Wednesday, November 25, 2015

Alexander Graham Bell

Posted by Unknown On 11:20 PM
Alexander Graham Bell 
      (1847-1922)

         Many other people before Bell had unsuccessfully tried to transmit the human voice across a distance. He was the first person to Achebe success in transmitting voice and speech from one place to another by electrical means. Others since then have helped in the improvement of the invention called "Telephone", but undoubtedly he is well known as the father of the electric telephone.

         Alexander Graham Bell was born in Edinburgh, Scotland, on March 3, 1847. His family was very much interested in the study of sound. He had his education at Edinburgh University and later at University College, London. Soon his family he moved to Brantford, America. His grandfather was a speech tutor and so was his father. They both had devoted themselves to the study of human speech and to teaching the deaf to speak. It inspired and encouraged him to follow their profession. He became deeply interested in helping the deaf to speak.

           Bell opened a school in Boston, U.S. for the teachers of the deaf where he had moved in 1870. In 1873 he became professor of vocal psychology at Boston University. There he met a rich American lawyer whose daughter had become deaf in her early childhood. He taught the girl how to speak. He began to love her so much that he married her (Mabel Hubbard) in july 1877.

            It was during this period when he began teaching the deaf that he experimented successfully in long distance voice and speech communication in 1876. One day, he was working with his assistant Thomas Watson in another room on another floor to send more than one telegraph signal on the same line at the same time. Bell was busy to hearing something on his receiver when suddenly vibrations in the wire stopped and as Watson in the other tapped his fingers, this sound was heard by bell. This was followed by many more such experiments until the telephone was invented on march 10, 1876.

          Bell's first speech on telephone was, "Mr.Watson, come here: i want you. "bell had accidentally spilled battery acid on his clothes and so automatically had called out his assistant. Watson was at the other end of the telephone circuit in the same building and he heard the call, the first message transmitted by telephone. Bell applied for a patent on february 14, 1876 and it was granted. the invention revolutionized the idea of communication forever. its demonstration at the centennial exposition of 1876 in philadelphia provided a great sensation and success. By the end of the year, conversation between new york and Boston on telephone had become a reality.

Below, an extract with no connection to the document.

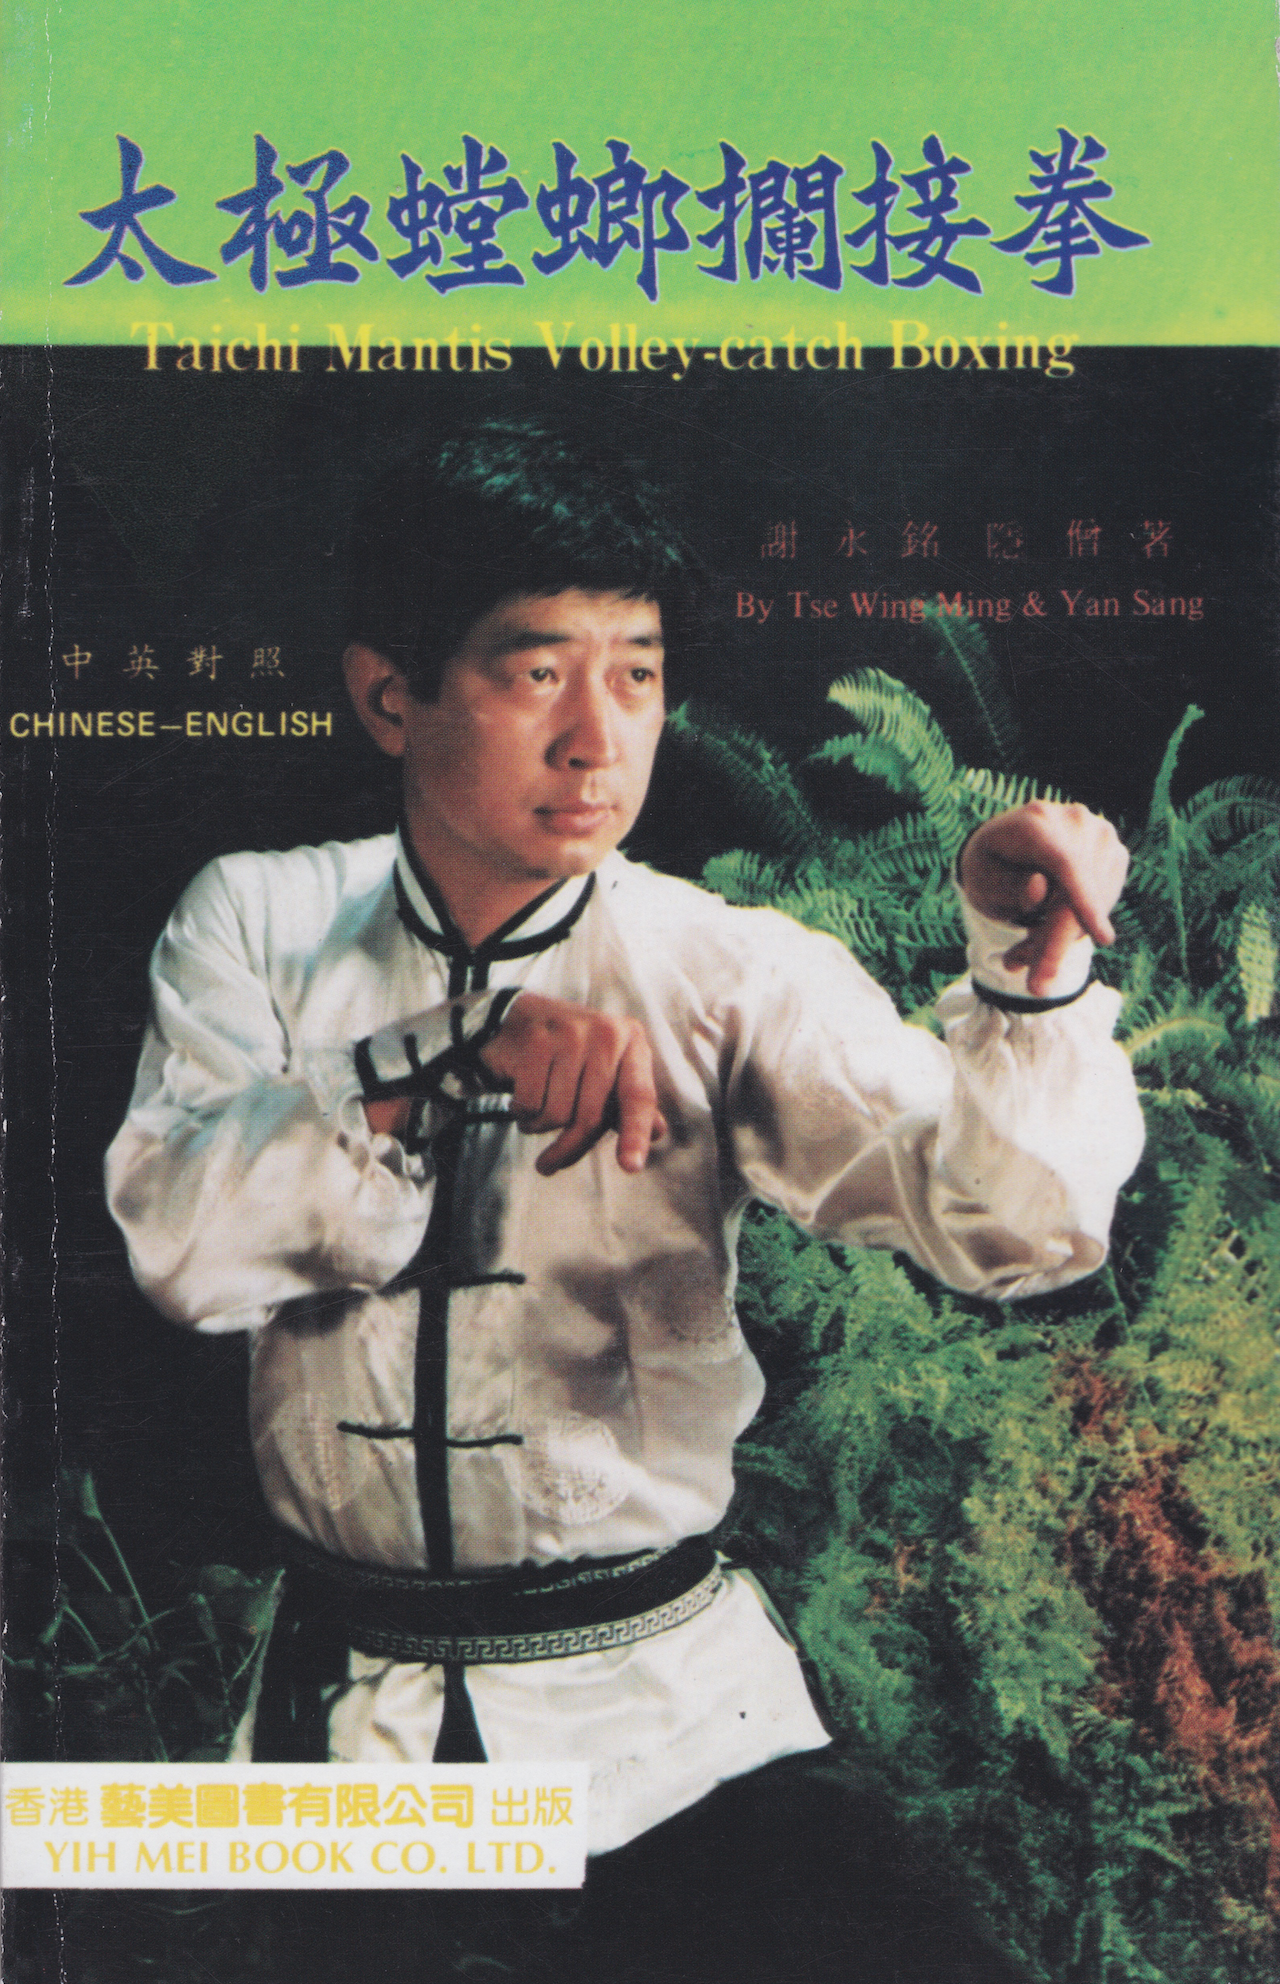 Taichi Mantis Volley Catch Boxing Book by Tse Wing Ming

        In 1880 Bell was awarded the french government's Volta prize of 50'000 francs for his invention. With this prize money Bell established the Volta Laboratory and the American association to promote teaching of speech to the deaf in Washington D.C. It is here that Bell produced the gramophone by improving upon edison's phonograph. With the money earned from these inventions, Bell started the Volta Bureau for Research in Deafness. The name of the Volta Laboratory and the American association was changed to the Alexander Graham Bell association for the deaf in 1956. It is an international information center for the oral education of the deaf.

                 The story of invention of telephone is also dramatic as that of his invertor. Now telephone is very popular and convenient tool for communication. When you speak, your sound waves strike a diaphragm in the transmitter of the telephone. The diaphragm vibrates back and forth in just the same manner the molecules of air are vibrating. These vibrations cause a disk in the receiver at the other end to vibrate exactly as the diaphragm in the transmitter is vibrating. And these sound waves reaching the ear of the person at the other end have the same effect as they would have if they were heard directly from the mouth of the speaker.

    Bell became the president of the National Geographic Society in 1898. He actually succeeded his father-in-law. Trough this magazine he promoted a better understanding of life in distant place through pictures. In this noble task he was helped greatly by his would be son-in-low, Gilibert Grosvenos. Bell also invented an audimeter which is used in measuring the intensity of sound. He was also well-known for experiments in aviation.His fascination with fight made him build man- carrying kites and vertical  take off propeller which was later developed into the rotor of the helicopter. He also produced the faster boat of his time. He was present at the seance when the first Trans-continental telephone line was opened in 1915. From the coast, Bell again spoke the same words to his old assistant on the West coast. "Mr. Watson come here: i want you." His wife founded the Aerial experiment association. It was the first research organization founded by a woman. Bell breathed his last on August 2, 1922 at his estate on cape Breton Island in Nova Scotia. During Bell's funeral service all the telephone of the Bell system were kept silent. He was elected to the Hall of Fame at New York University in 1950.